Bahkan menurutGregory Poling, direktur Prakarsa Transparansi Maritim Asia di Pusat Kajian Strategis & Internasional di Washington, “Kepemimpinan Tiongkok sangat yakin bahwa, walaupun mereka belum memenangkan Laut Cina Selatan, mereka tentu saja menang.”
Di sinilah letak alasan utama Beijing berharap Trump kembali memimpin AS:gaya kebijakan luar negerinya — sepihak, terpersonalisasi, dan terpaku pada masalah dolar dan sen — telah sangat melemahkan sistem aliansi tradisional Amerika.

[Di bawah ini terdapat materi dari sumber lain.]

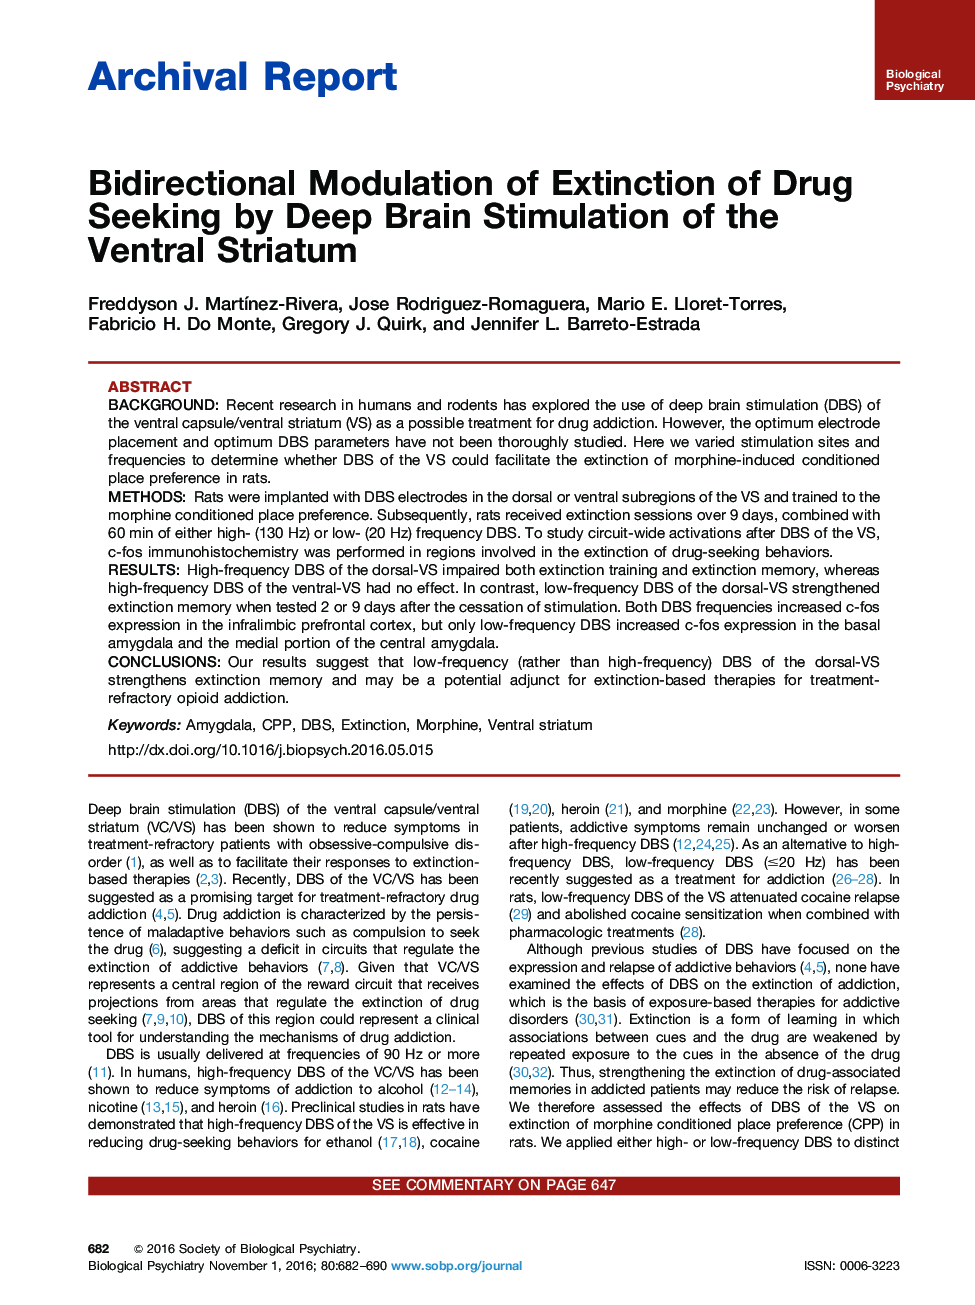 Bidirectional Modulation of Extinction of Drug Seeking by Deep Brain Stimulation of the Ventral Striatum

Sementara Presiden Barack Obama mencoba "inden" ke Asia, Trump hanya sesekali hanya menaruh minat di kawasan itu, terutama di luar perdagangan dan omong kosongnya yang sekilas dengan Kim Jong Un Korea Utara.
Beijing jelas mencatat bahwa Trump telah membuat hubungan yang tegang dengan dua sekutu terdekat Amerika di kawasan itu— Korea Selatan dan Jepang — dengan perselisihannya yang terus-menerus dengan Korea Utara.
Belum lagi terkait dengan biaya pangkalan militer AS di negara-negara tersebut yang sangat menyedot biaya.
Dan itu semua sangat cocok untuk Beijing. Ketika Washington mundur, Cina mencoba bergerak maju, siap menguasai Asia.